= Intelligent user interface =

User interface type

An intelligent user interface (intelligent UI, IUI, or sometimes interface agent) is a user interface (UI) that involves some aspect of artificial intelligence (AI or computational intelligence). There are many modern examples of IUIs, the most famous (or infamous) being the Microsoft Office Assistant, whose most recognizable agentive representation was called "Clippy".

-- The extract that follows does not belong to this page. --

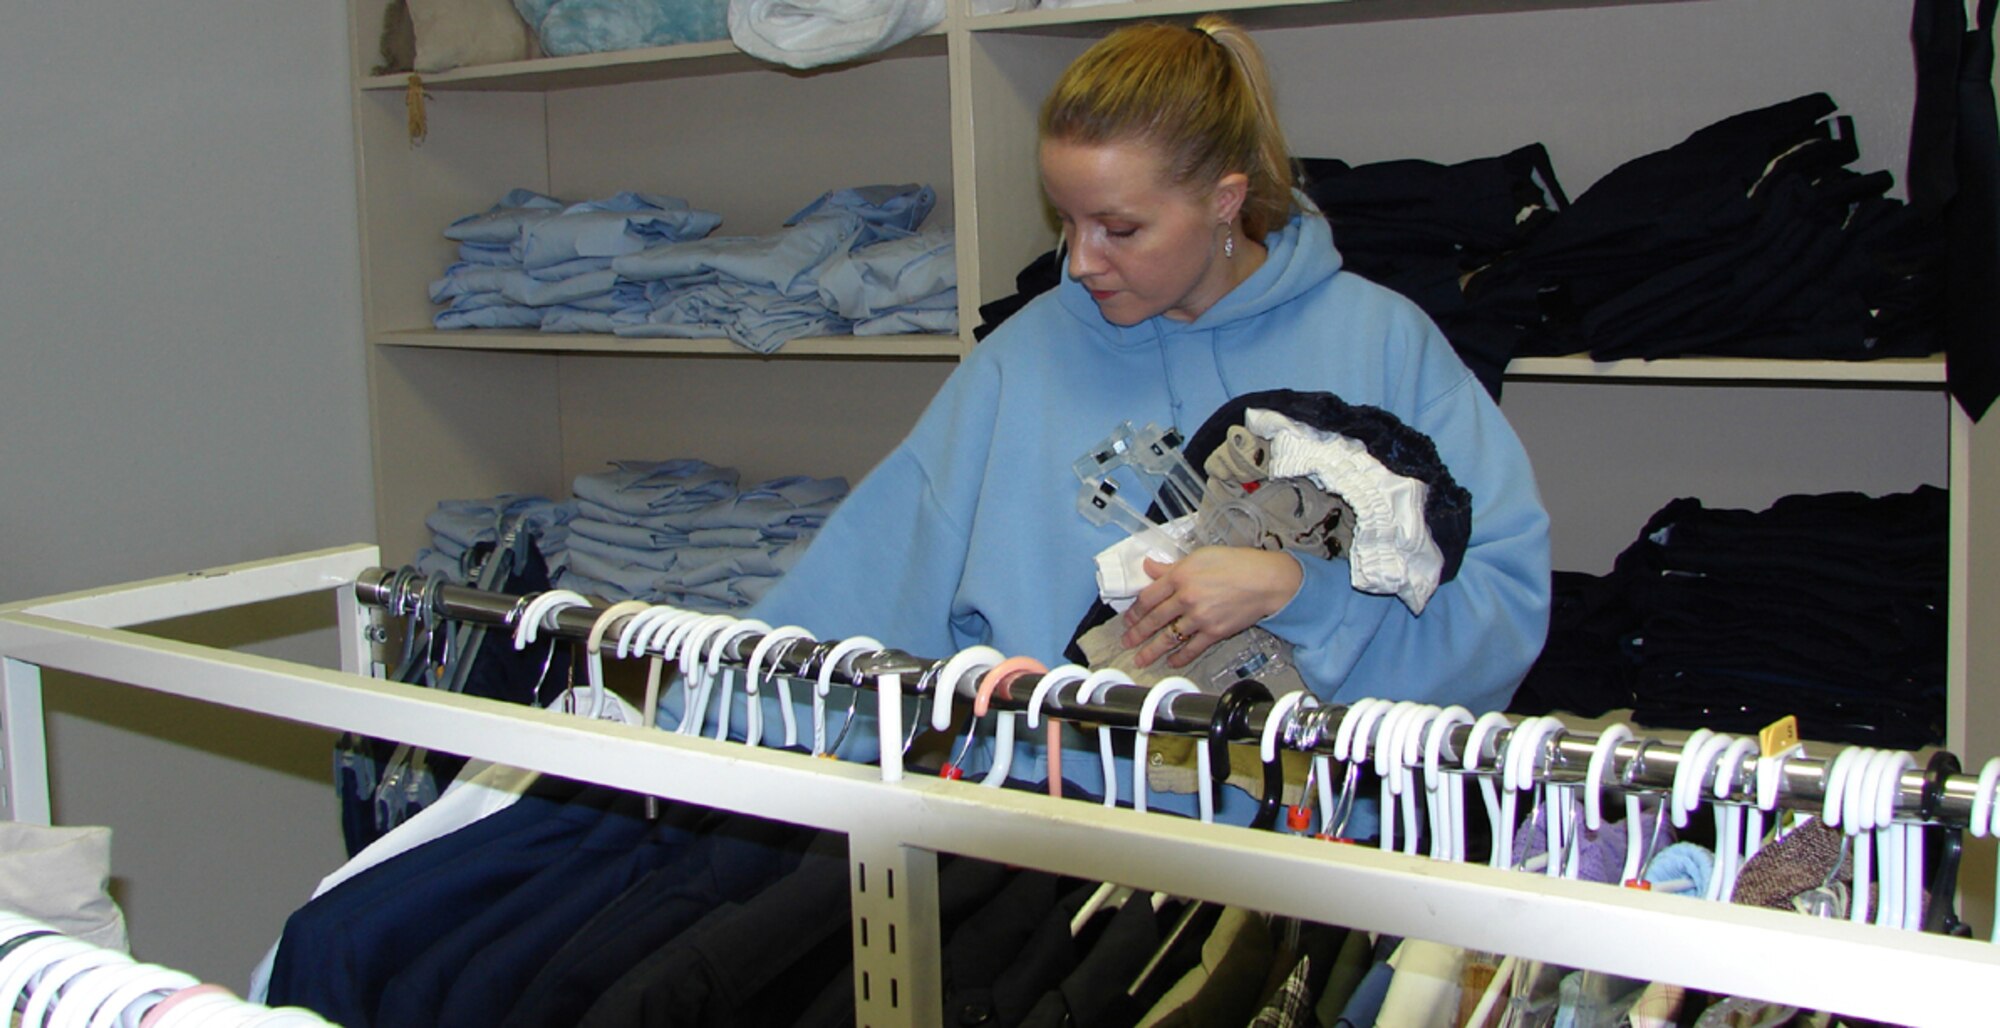 Leah Andrews, volunteer, hangs and sorts clothing at the Airman's Attic. The Airman's Attic is located in building 4000 and is open Thursdays and Saturdays from 10 a.m. to 2 p.m. E-5 and below can come to the Airman's Attic and take or borrow items for free. (U.S. Air Force photo/Senior Airman Emerald Ralston)

Generally, an IUI involves the computer-side having sophisticated knowledge of the domain and/or a model of the user. These allow the interface to better understand the user's needs and personalize or guide the interaction.

== History ==
Probably the earliest examples of what could be considered true IUIs appeared in the Intelligent Computer Assisted Instruction (ICAI, aka. intelligent tutoring systems) community, which arose in the 1960s and 1970s and become popular (among academics) in the 1980s. Also, in the early 1980s, as expert systems took hold in the AI community, expert systems were applied to UIs (e.g., the aptly-named "WIZARD" system). In the 1990s the application of plan inference to interaction formed the basis for research in what then was named natural interfaces (the term has later come to evolve to mean full-body interaction). Later IUIs, such as Clippy, are more statistically-based, using machine learning methods to decide how to tune the interactive experience to the individual user. In the 2000s this strand of research often is labeled personalization, most often employing various recommender system techniques to adapt the behavior of an interface or an entire interactive system to individual user preferences.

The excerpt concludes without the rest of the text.